Adding dependencies to your Maven project

To add dependencies (jar files) to your Maven project, click on the pom.xml. Click Dependencies, then click Add. You’ll need to input the Group ID, Artifact ID, and Version for each dependency you add. For a MapReduce program on Hortonwork’s sandbox running Hadoop version 2.7.1 I include hadoop-client 2.7.1 and commons-logging 1.1.1. The former has the Group ID org.apache.hadoop, the Artifact ID hadoop-client, and the version 2.7.1. The latter has the Group ID commons-logging, the Artifact ID commons-logging, and the version 1.1.1.

You could search the internet for the specific group, artifact, and versions you want, or you could connect Maven to a repository and do the search right from the Add popup.

Connecting to the Hortonworks repository

By now, you have M2Eclipse and a Maven project set up in Eclipse, but you still don’t have any searchable repositories. To get those, you’ll need to edit or create the settings.xml file in the .m2 folder (${HOME}/.m2/). This folder might be hidden on your computer.

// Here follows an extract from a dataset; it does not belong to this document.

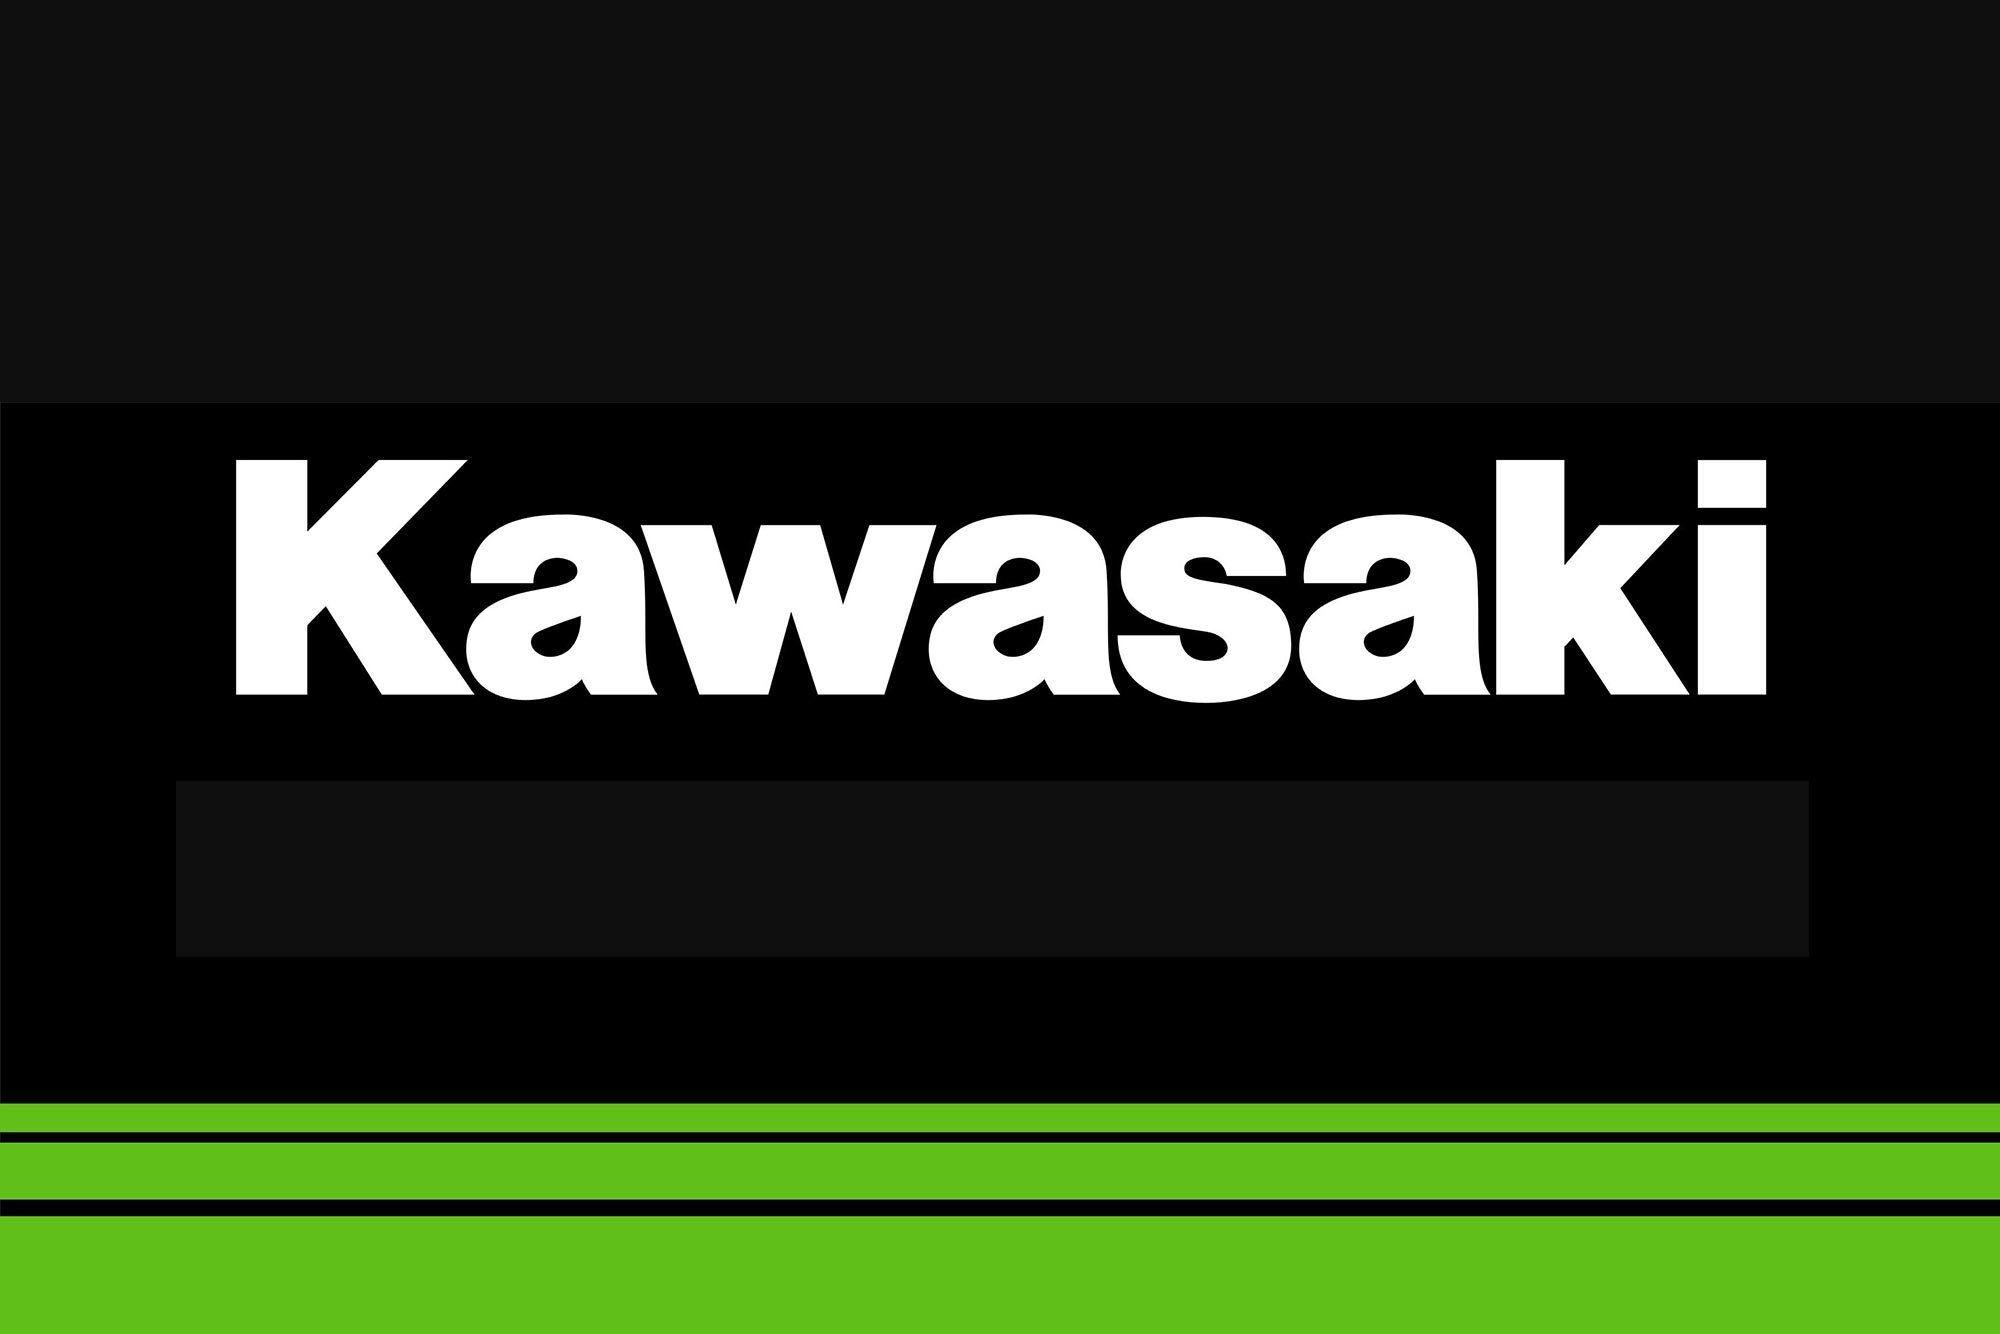 2018 Kawasaki Logo - Kawasaki Ninja 400 Coming to the USA for 2018 - Asphalt & Rubber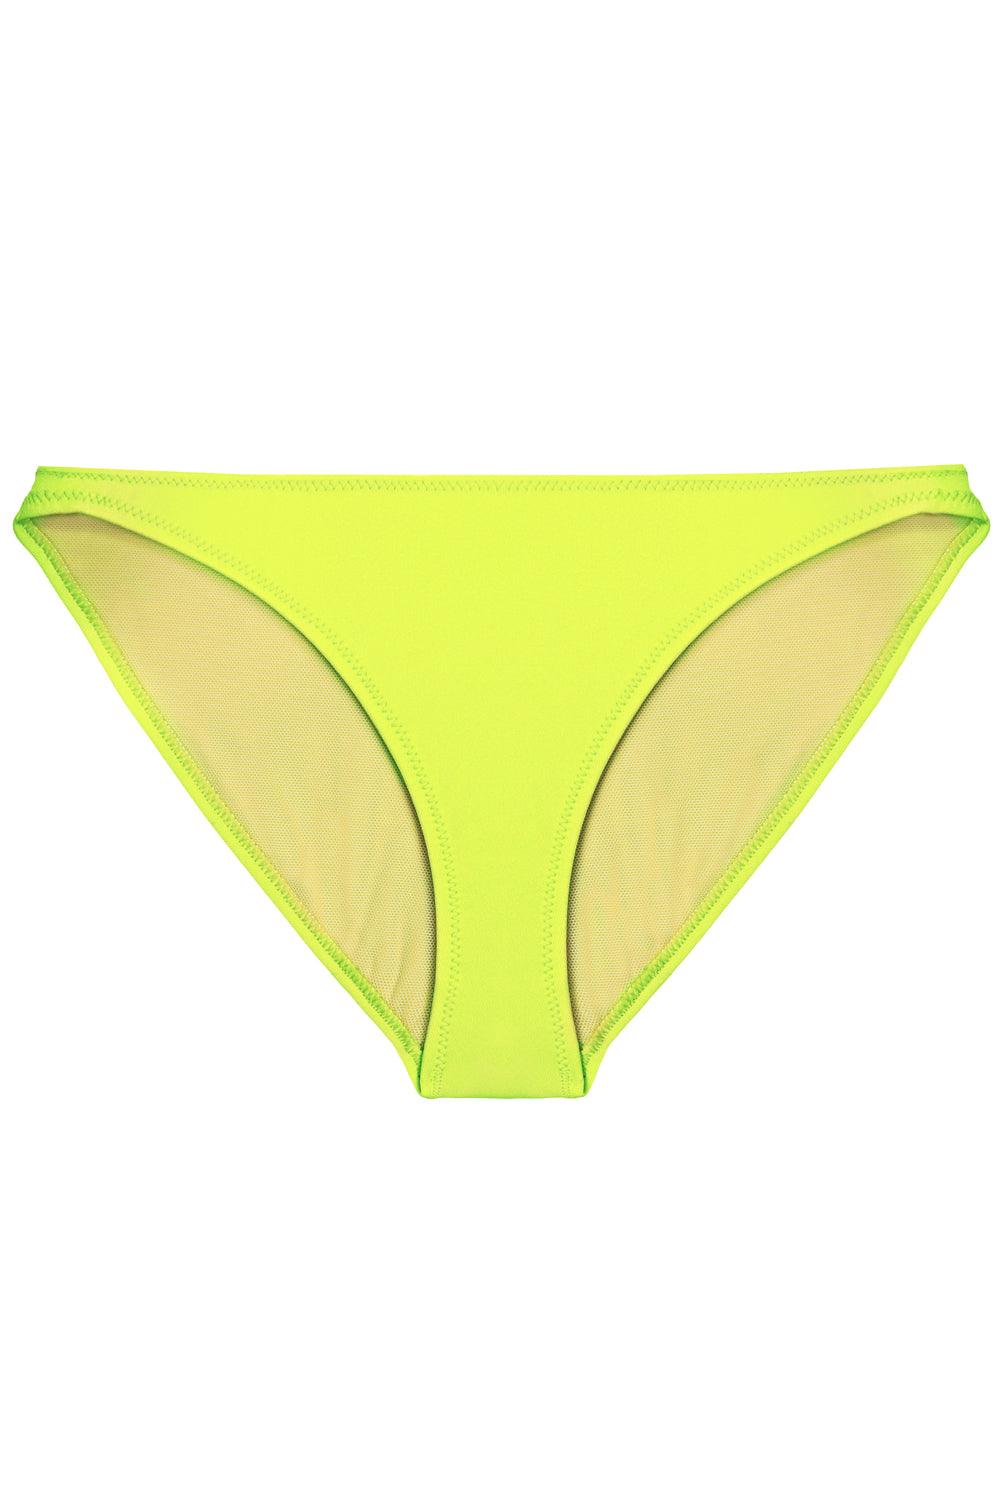 Tonic Yellow bikini bottom - yesUndress

Creating or Editing your settings.xml file

If you don’t have a settings.xml file, you’ll need to create it. Using your favorite text editor (Sublime Text is a nice one) paste the code from here. If you already have a settings.xml file, simply add the standard-extra-repos profile. Save your new settings as settings.xml in the .m2 folder (${HOME}/.m2/).

Now that you have a settings.xml file, go back into Eclipse. Select Eclipse > Preferences > Maven > User Settings. Update your settings so that it points to your new settings.xml file. Click Update Settings and Apply. Restart Eclipse and you should now be able to search for Maven dependencies.

This concludes the section on setting up Maven. If you run into any issues Google search will be your friend; there’s lots of people who have probably run into the bug you’re having before. If you’re still stuck, feel free to email me.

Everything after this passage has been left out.